Measuring precipitation. Oh, and happy new year…

Welcome to 2011. Goodbye to 2010; a little sadly, as it was a great year. Packed full of fun and excitement, and chopped up into little slices of human-created time. 2011 is going to be filled with learning, as well as fun. Right now, it’s grey and miserable outside, but warm and cosy in here. If a little befuddled… and so we begin.

I did say that I would begin my first experiment today – and begin it I have. This is the experiment at the end of Chapter 2 – Global warming – an interdisciplinary issue. I need to measure precipitation over two weeks (I do feel a little like I’m back at school, which to be honest is not a bad thing…) so I have Started Thinking About It.

I need two rain gauges, and I’m supposed to think about how I will measure the mean daily precipitation over two weeks. Considering the following questions:

  • What type of collecting vessel will you use for the rain gauge? Should it have a particular size or shape? Does it need some form of cover?

I need two gauges. One with a funnel, one without – in order to look at the effects of evaporation. I will use a jam jar for the funnel-less receptacle; an Evian bottle for the funnelly one (left behind after the new year celebrations by my best friend Emma). I’ve cut the top third of the bottle off, and inverted it to make a funnel. This also ensures that the opening of the gauge is the same size as the bottom. Although, Evian bottles are not straight-sided – so I may need to change this to a lemonade bottle with straight sides. The same principle applies though.

They need to be flat-bottomed and straight sided. So, at the suggestion of my lovely assistant Joe, I may melt some wax and cover the bottoms of the gauges with this, in order to create a flat bottom.

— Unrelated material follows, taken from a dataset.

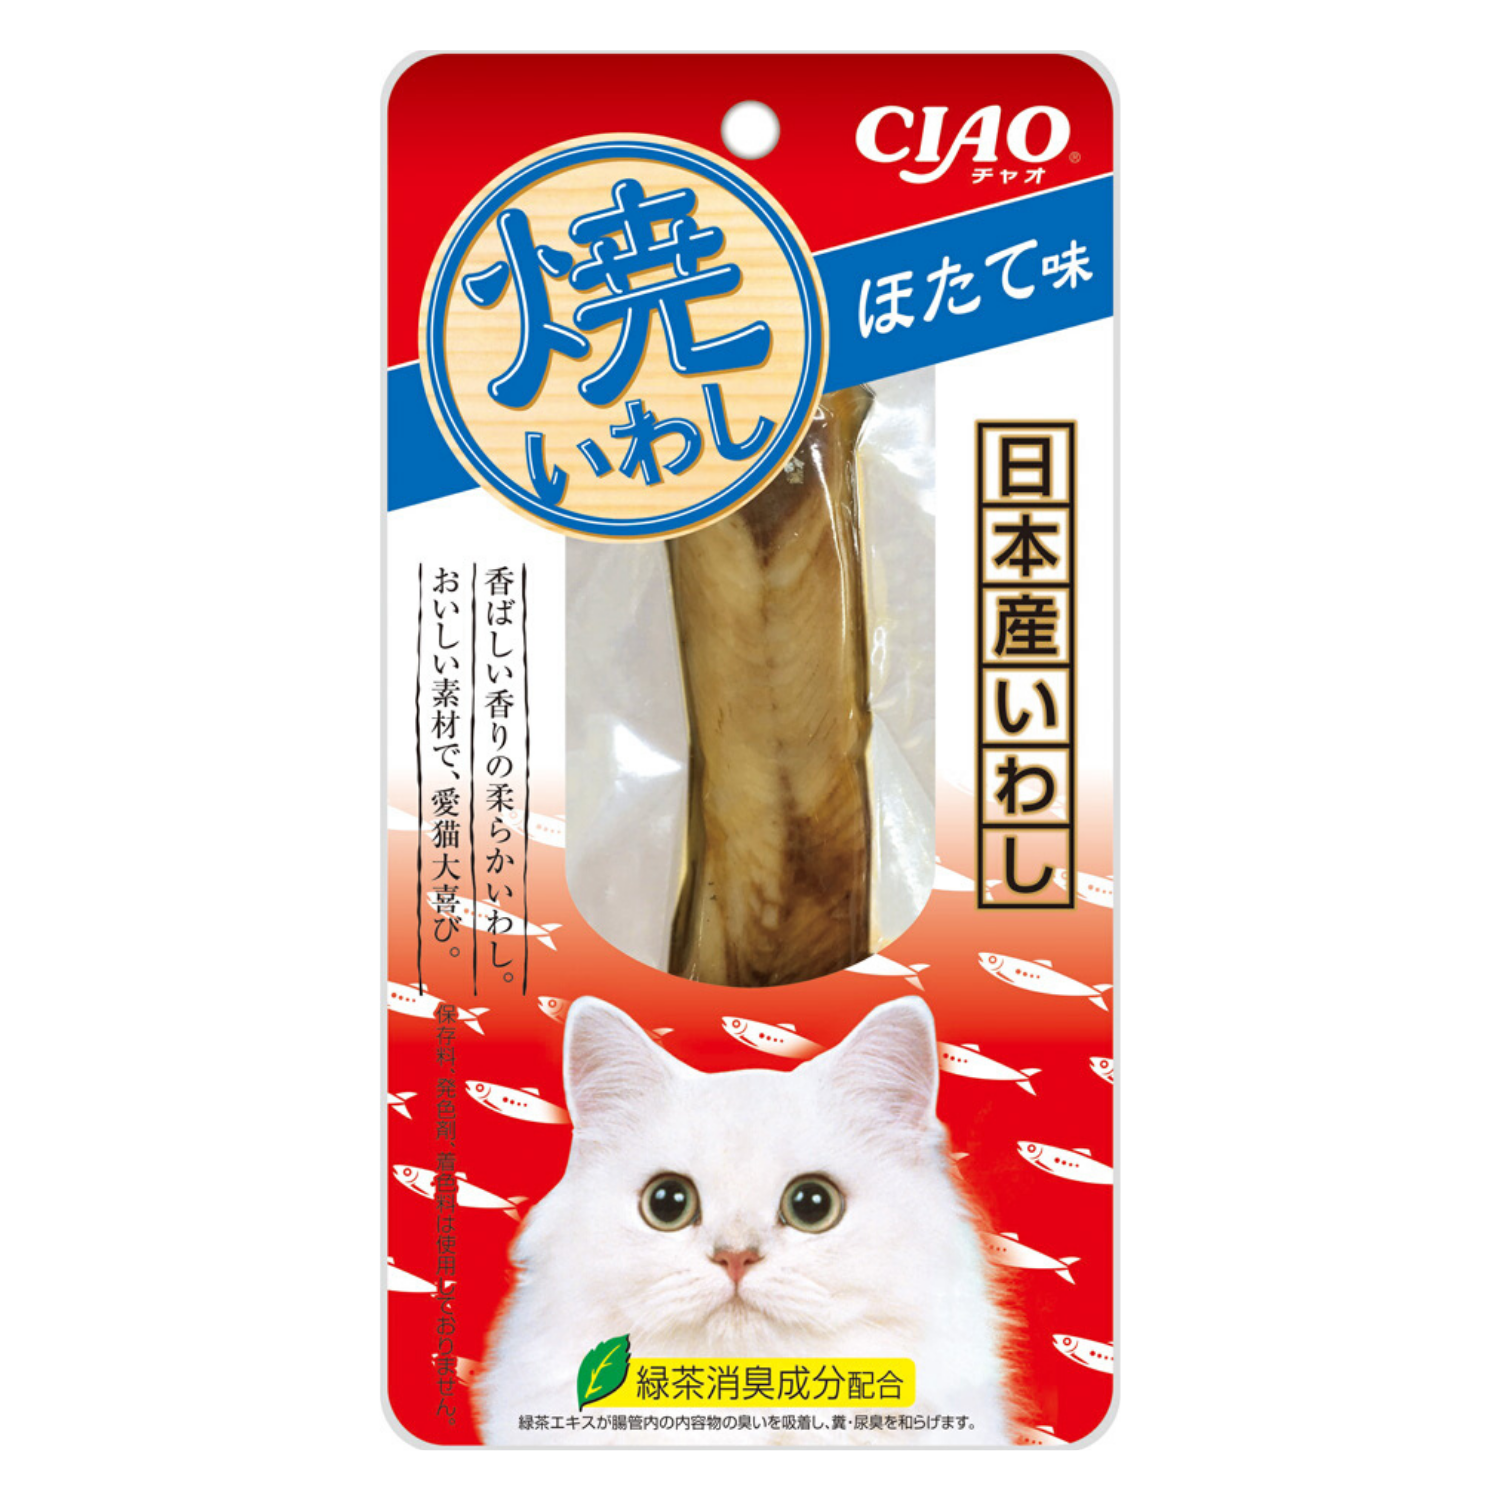 Ciao Iwashi Fillet Scallop Flavor - 20g

  • Where will you site the rain gauge?

Well. We have a back garden, but it’s pretty sheltered, with overhanging trees and shrubs. And a lot of birds on our bird feeders (which is great, but I don’t want them messing with my experiment!) We are lucky enough to have a front garden too, which is pretty private, and with plenty of room to site a rain gauge. So there it shall be. To the left of the front door, between the front window and the box hedge, but not too sheltered.

  • How will you measure the amount of precipitation?

I have access to rulers, which I will use. However, we also have a Vernier gauge, which will be very accurate indeed. I shall measure both inside the vessel, in the water itself, and outside the vessel.

  • How often will you record the data? Should you empty the rain gauge after each measurement?

I will measure the precipitation and record the data every day at around 6.30pm (if possible). I will not empty the rain gauge after each measurement, because it is entirely possible that some days there will not be enough to physically measure with my rulers.

  • What problems might you have in measuring the precipitation?

The amount collected may be too small to measure each day. This is one reason why I will not empty the gauge after each measurement. Measurements taken from the outside of the vessel may be distorted visually by the material. The meniscus will need to be taken into account.

I’m going to set up my gauges either tomorrow or the next day, depending on which receptacle I decide to use.

My other task is to start planning my studying time. I really need to print off a timetable of some sort and stick it on the wall. I also need a decent sized diary. I need lists, and things written down, as well as online calendars. It’s like the difference between books and e-books. E-books have their uses – great for holidays when you don’t want your luggage allowance taken up with books – but they are not tangible things. They don’t smell. You can’t really touch them. So they’re not really real.

And an unreal study plan and calendar is no use to man nor beast. Nor intrepid voyager.

Study space preparation has begun. Tidying has happened. I need to make a blind or curtain. And a cushion. But I do have a very nice new lamp, courtesy of my best friend Emma (she who provided the Evian bottle). It’s from Cornwall, and it’s stripy, and it’s bloody lovely. So now I have a comfortable study space.

Couple more pictures on the walls; a calendar; a diary; and we’re almost ready to be off. Tomorrow will be spent studying Chapter 2 itself.

I wish you all a very happy new year. May it bring you everything you desire.